PHOENIX -- Using the soft economy as a lever, House Republicans voted Monday to ask voters to repeal the state's minimum wage.
House Majority Leader Steve Court acknowledged that the original measure was approved six years ago on a nearly 2-1 margin. That law requires the Industrial Commission to consider inflation and make annual adjustments in the minimum that companies doing business here can pay their workers.
The result is a current minimum wage of $7.65 an hour, 40 cents more than required under federal law.
Court said, though, the economy in 2006 was quite different than it is now. And he said that employers cannot afford the extra costs.
But Rep. Ruben Gallego, D-Phoenix, said the depressed economy is precisely the reason having a state minimum wage higher than what is required under federal law -- and one that keeps pace with inflation.
"Right now there are so many people working minimum wage jobs that normally would not be working minimum wage jobs," he said. In fact, Gallego argued, many people have to work two minimum wage jobs just to make what they used to earn, before the economy tanked and companies laid off workers.
He said the inflation indexing is necessary "just to allow them to catch up with the rising cost of everyday rising food and fuel."
There is no indexing of the federal minimum wage, with changes possible only with congressional approval.
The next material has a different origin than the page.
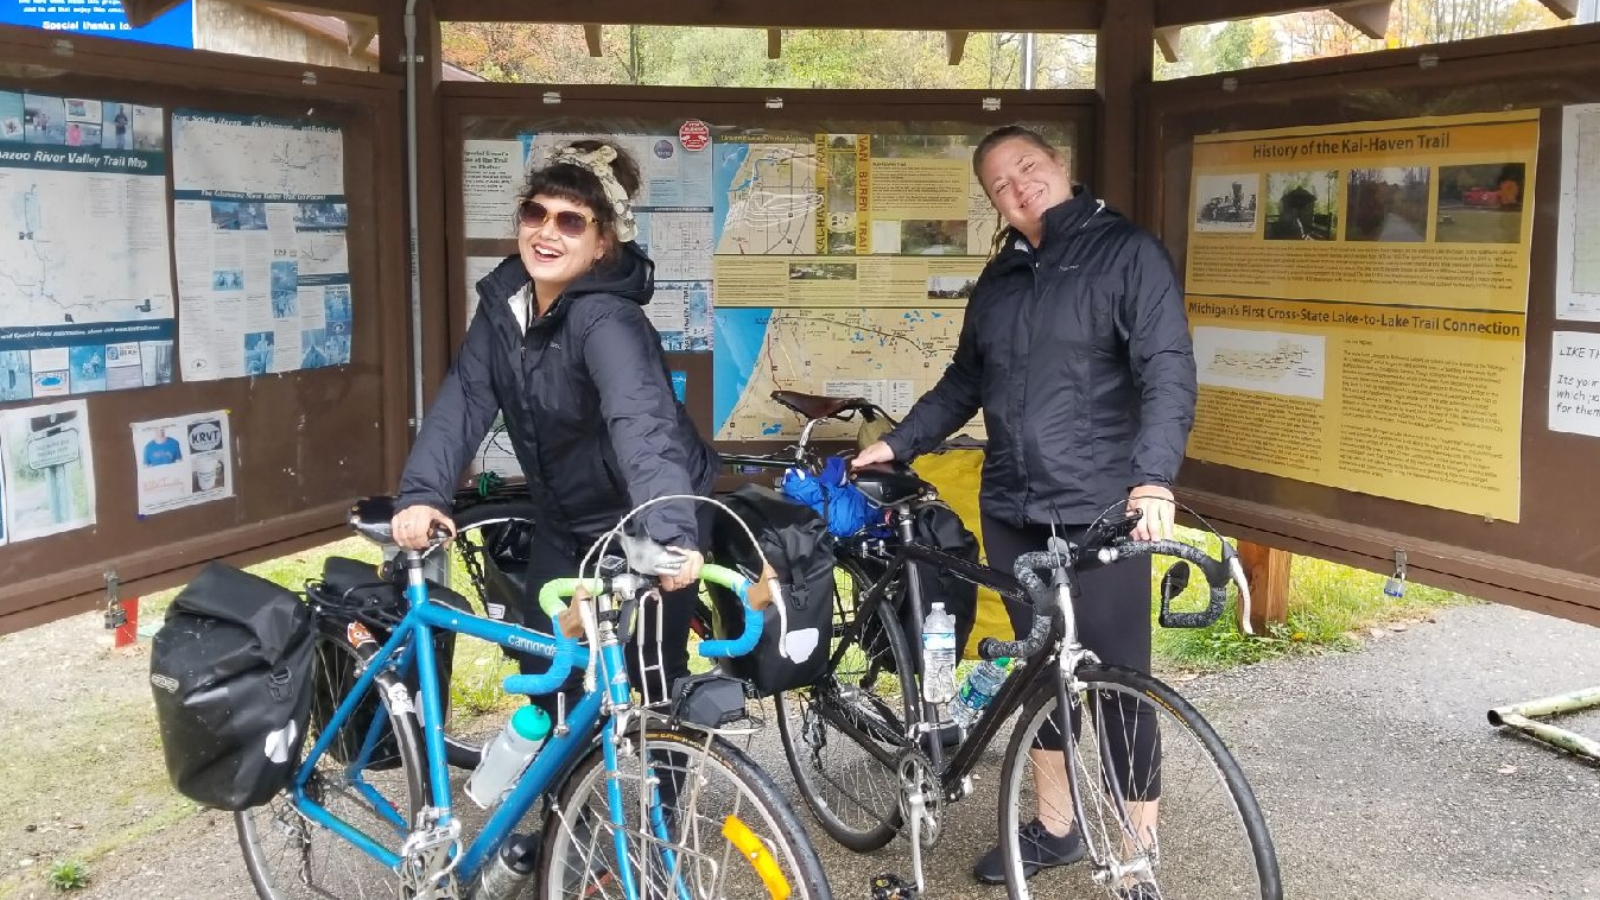 Wheelhouse Detroit general manager Tatiana Pastor (L) on a bike tour with owner Kelli Kavanaugh

And the U.S. Department of Labor said the last time that happened was in 2009.
Court acknowledged the intent of voters in 2006 was to ensure that those at the bottom of the pay scale do not fall farther behind due to inflation.
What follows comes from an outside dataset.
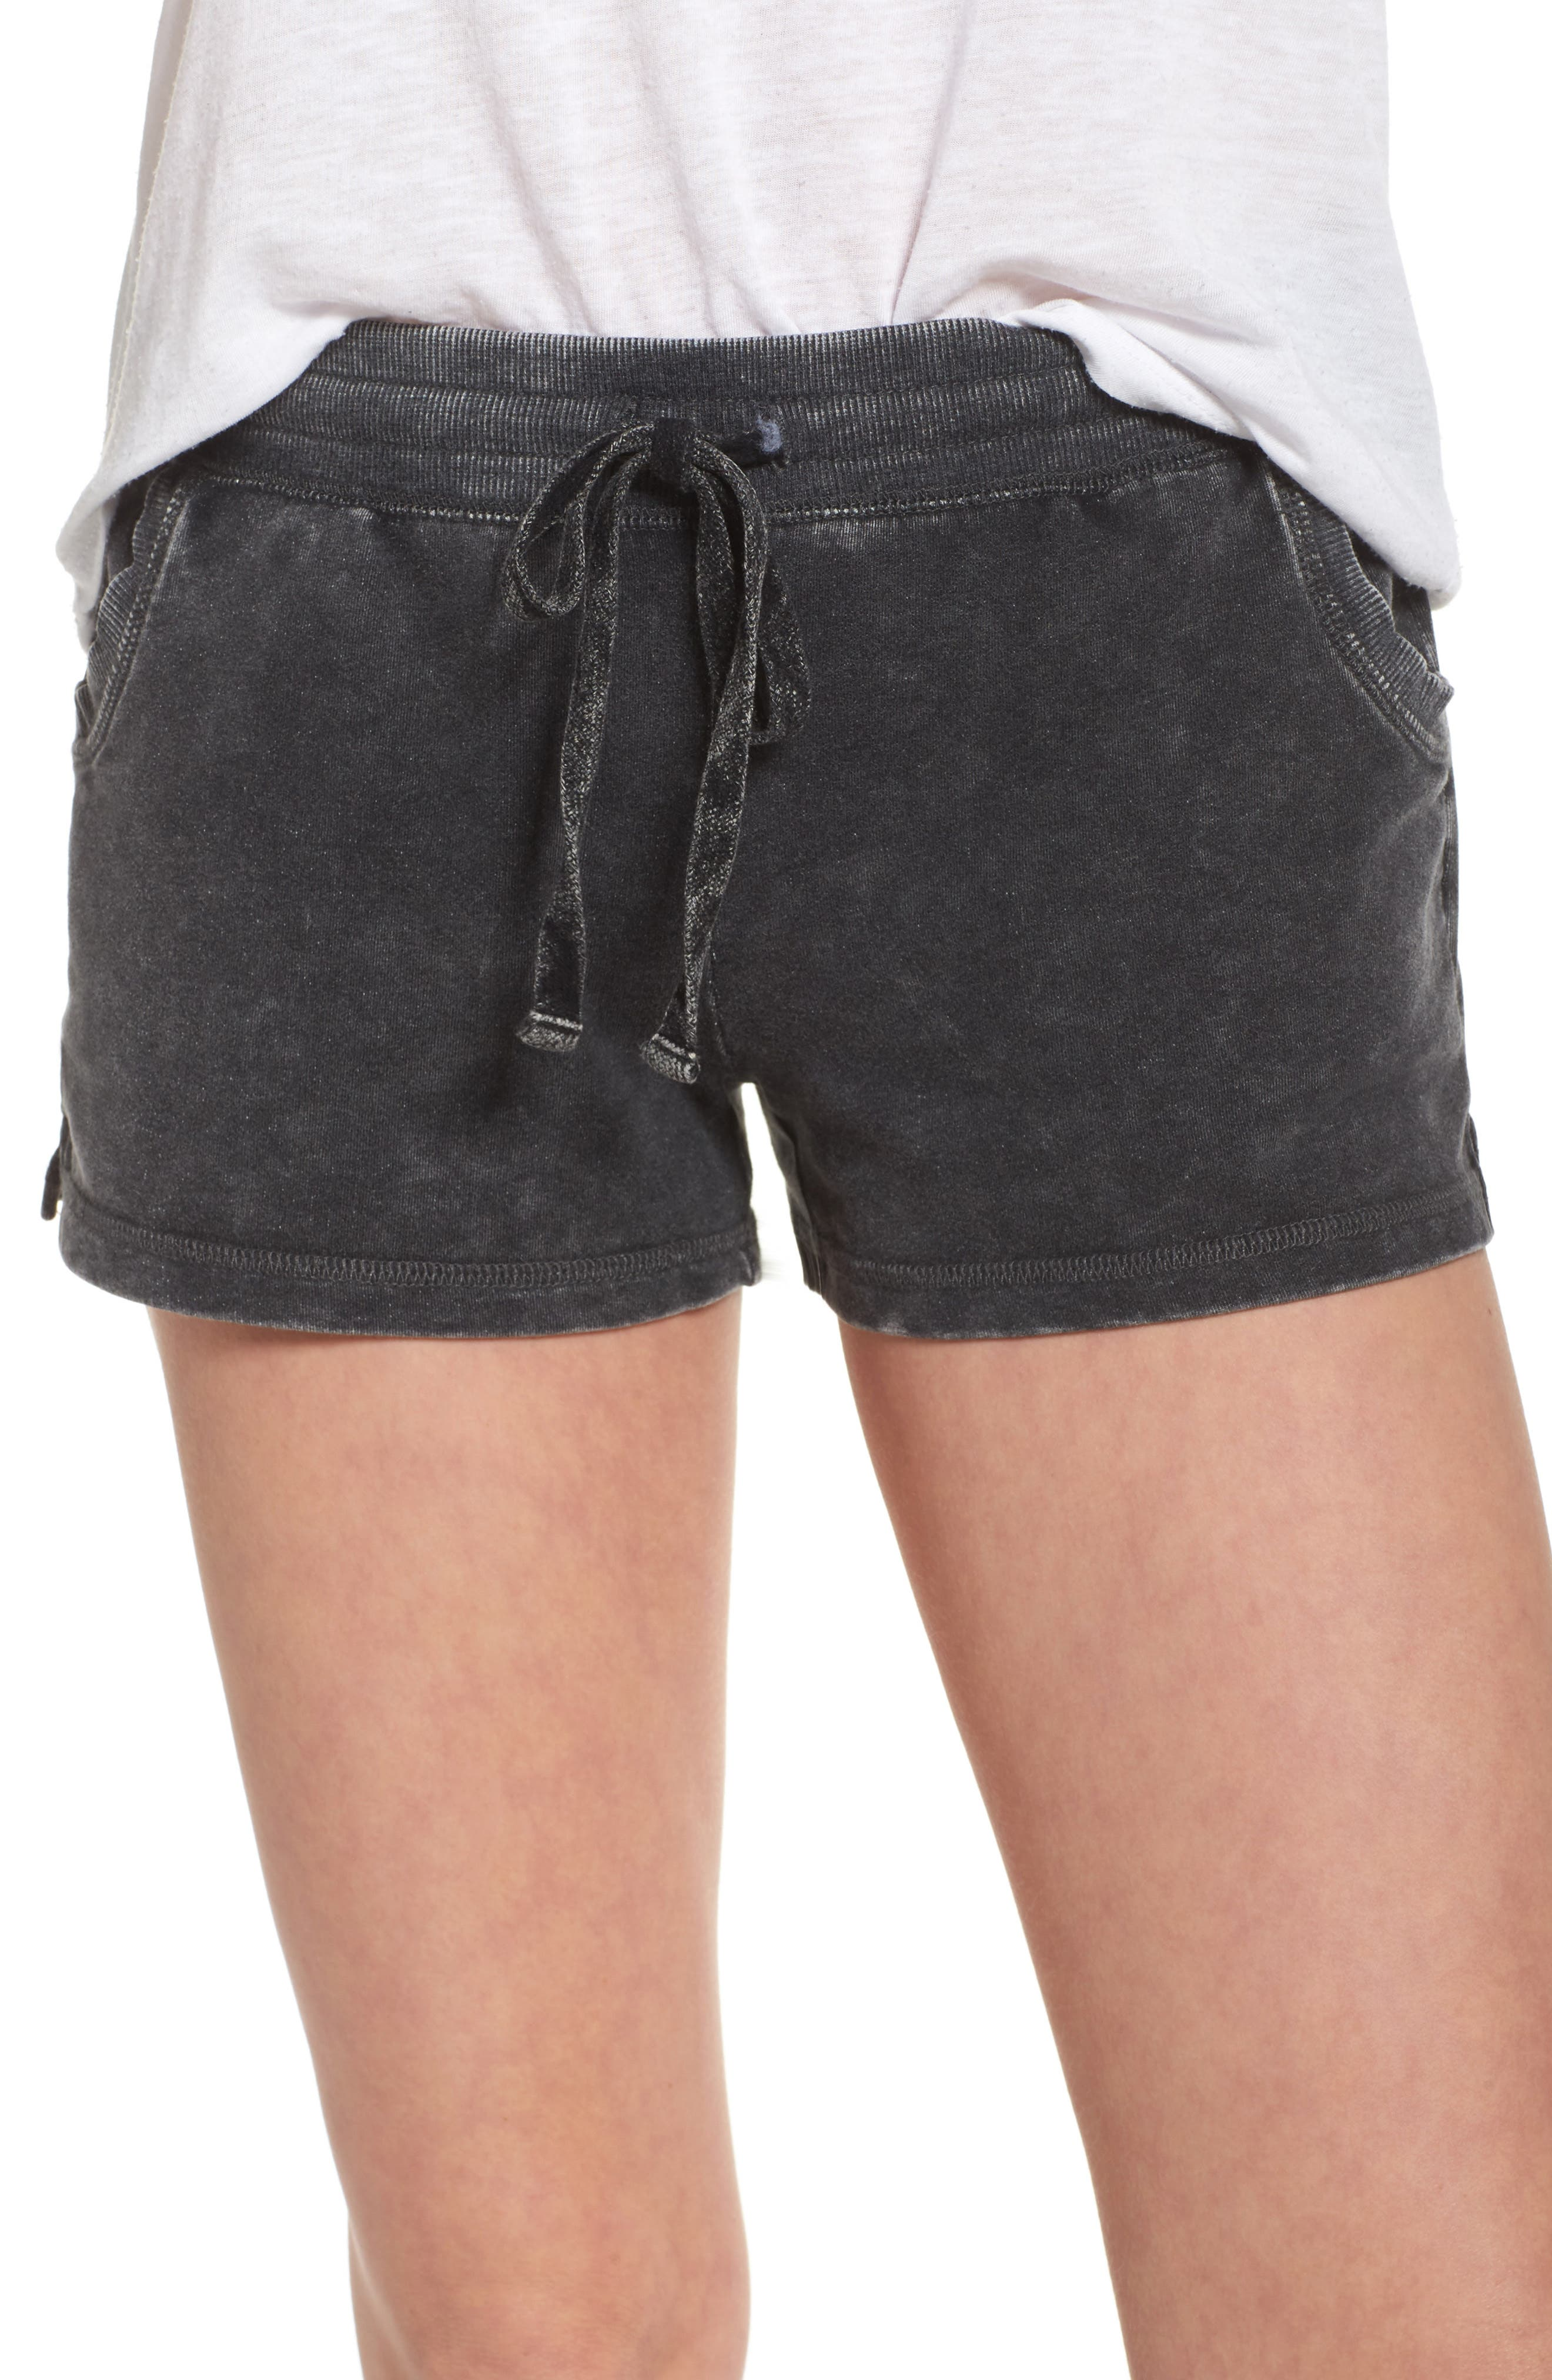 Alternate Image 1 Selected - PJ Salvage Lounge Shorts

"I think in normal times that might not be so bad," the Mesa Republican said. "But in a down economy like we have, we've continued to ratchet up our minimum wage while the federal government has kept theirs flat."
The result, he said, is Arizona employers have to pay their minimum wage workers 5 percent more than companies in surrounding states.
"It's a competitive issue with other states," Court said.
He acknowledged that a large number of these workers are probably in food service and hospitality jobs which cannot be exported elsewhere.
"But still, they're having to give raises to employees at a time when their business is down and hurting them," Court continued. "So we just wanted to have the voters look at it again."
Rebecca Friend, executive director of the state AFL-CIO, which championed the initiative, said businesses made the same arguments in 2006 with claims that it will unduly harm Arizona businesses. She said that, six years later, no one has been able to present concrete evidence that Arizona having its own minimum wage has hurt the economy.
"Wall Street crushed the economy, not the minimum wage," she said.
Friend said if the issue reaches the ballot in November -- the measure still needs Senate approval -- supporters will once again remind voters that, even with indexing, what Arizona requires is not exactly making anyone rich.
"The minimum wage is not a living wage," she said, saying the indexing is "the one thing that makes some attempt to deal with the issue of inflation or changes in the economic situation."
As approved, HCR2056 would set the state minimum wage permanently at $7.65 an hour -- where it is now -- or the federal minimum wage, whichever is higher. With no indexing, that would mean the state minimum wage would become the federal minimum wage whenever Congress got around to approving an increase to that level or higher.
That effectively would return the law to the way it was before the 2006 initiative when federal law allowed workers to be paid as little as $5.15 an hour. The initiative boosted that immediately to $6.75, with a requirement for annual inflation adjustments.
The most recent adjustment, which took effect in January, added 30 cents an hour to the wage after the Industrial Commission, charged with monitoring the wage, pegged inflation at 3.8 percent. While that translated out to 27.9 cents, the law requires the number to be rounded to the nearest nickel.
The commission does not track how many Arizonans are working at the minimum wage.
The law does allow a employers to claim a $3 an hour "tip credit," meaning they will be able to put just $4.65 an hour into paychecks. But that requires proof that the employees are, in fact, bringing in at least $3 an hour in tips.